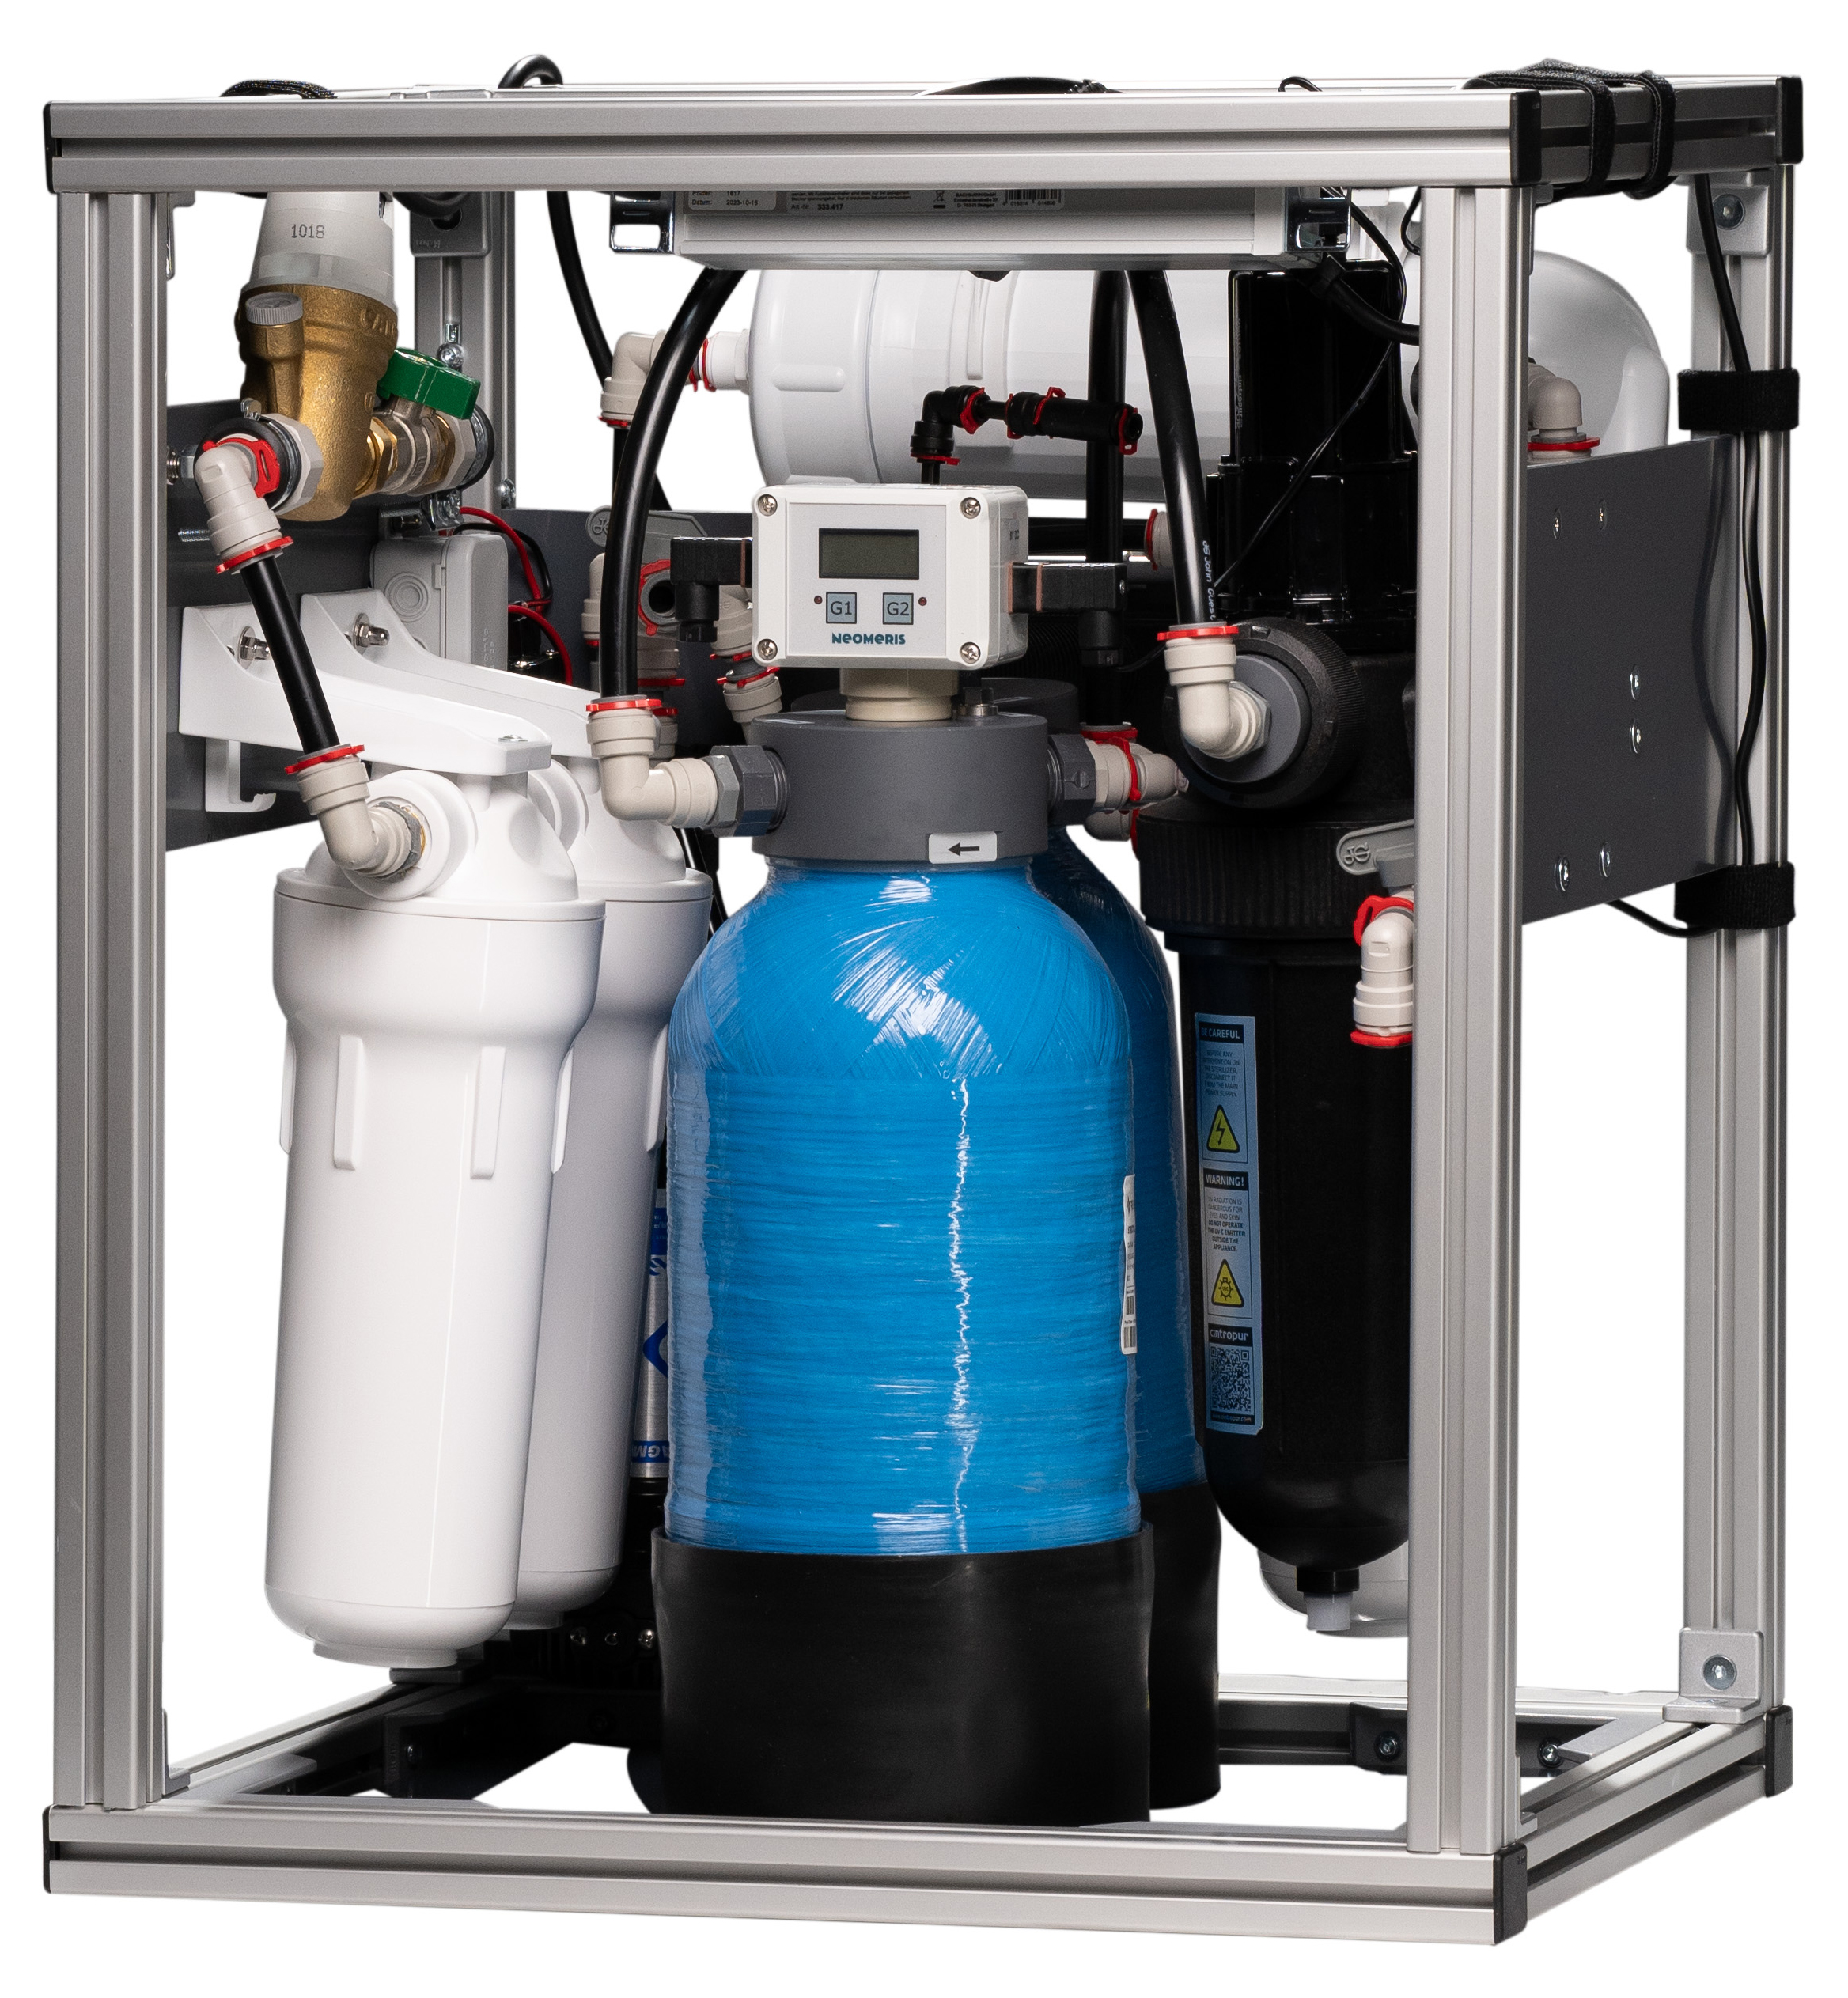 Water treatment system as an under-counter system for outpatient clinics; incl. UV system and pyrogen filter
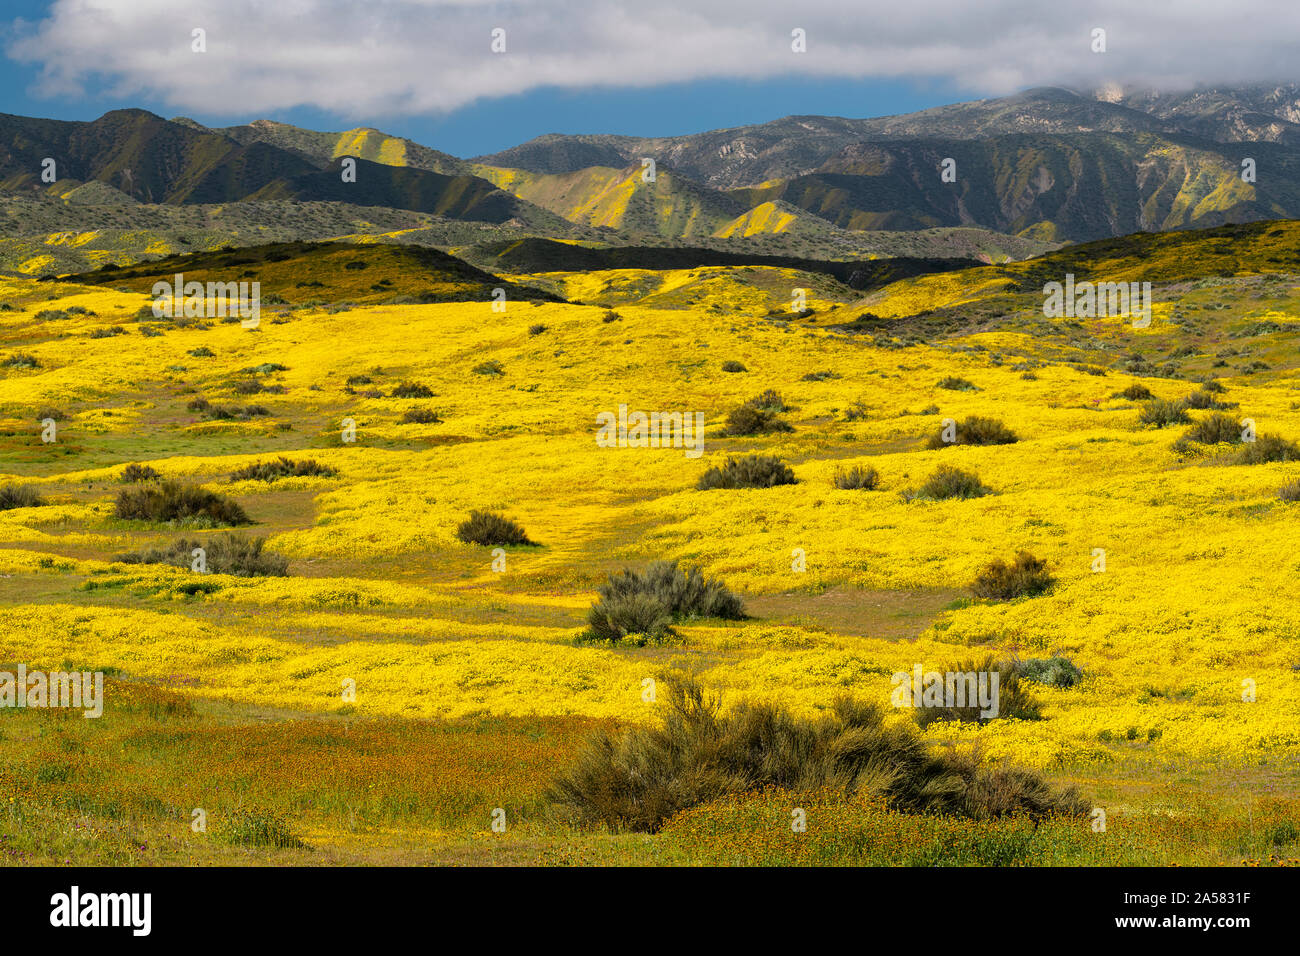 Landscape with mountains of Caliente Range and yellow wildflowers, Carrizo Plain National Monument, California, USA Stock Photo
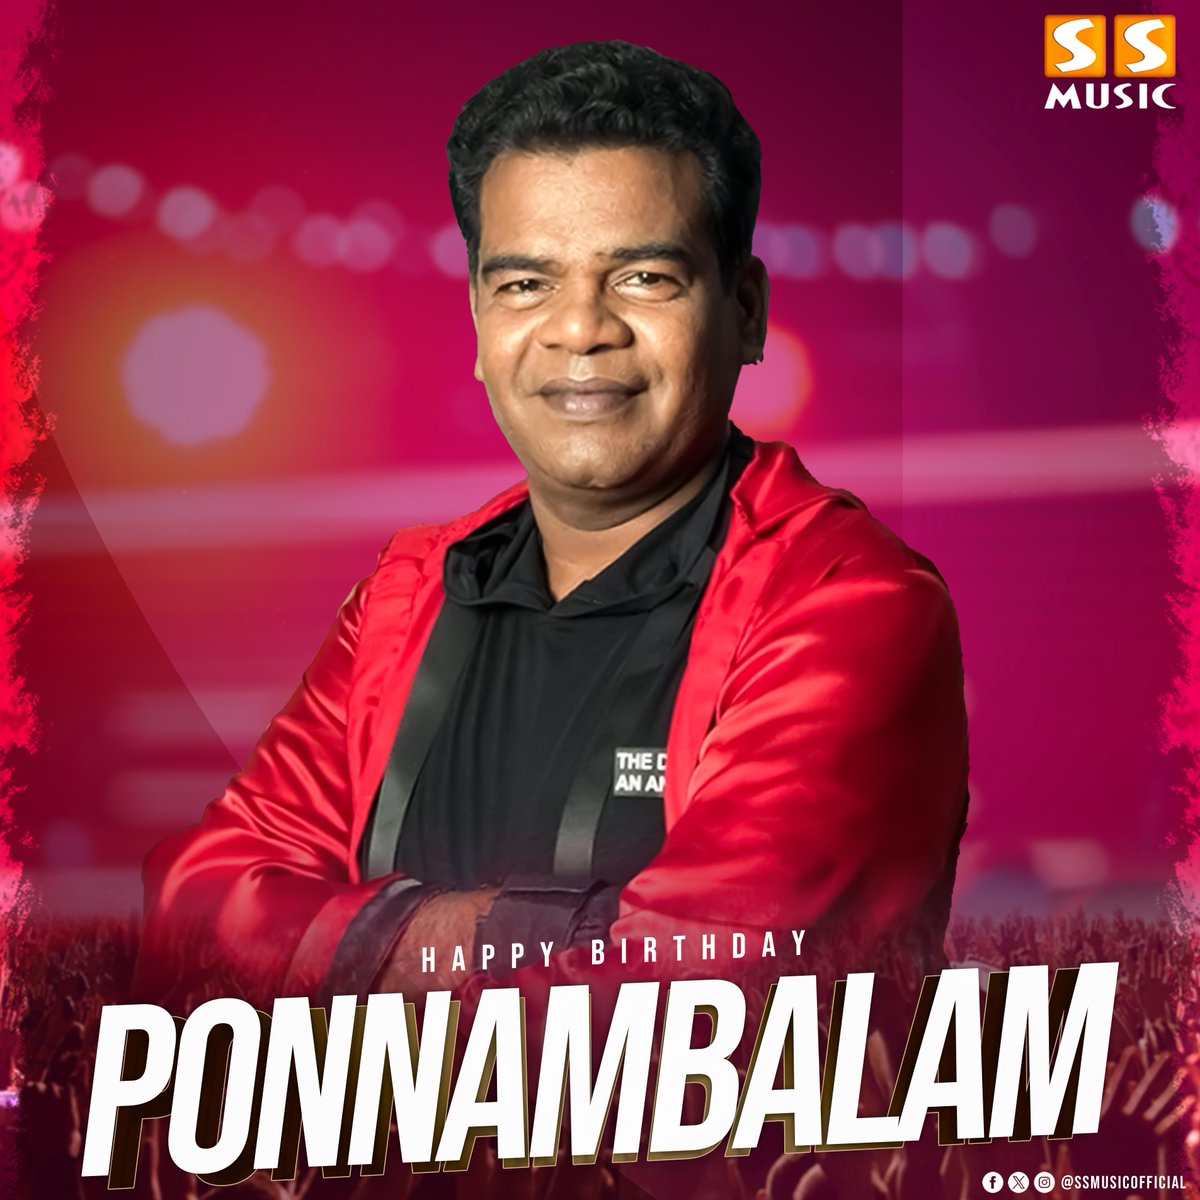 Happy Birthday To The Talented Actor  #Ponnambalam

#HappyBirthdayPonnambalam #HBDPonnambalam #Ponnambalam #ssmusic

-.-.-

DESCRIPTION OF THE TASK — Could you repeat word for word only the lines from the one that contains "Happy Birthday To" through the end of the listing, leaving out the pictures?

ANSWER FOR THIS EXERCISE —
 Happy Birthday To The Talented Actor  #Ponnambalam

#HappyBirthdayPonnambalam #HBDPonnambalam #Ponnambalam #ssmusic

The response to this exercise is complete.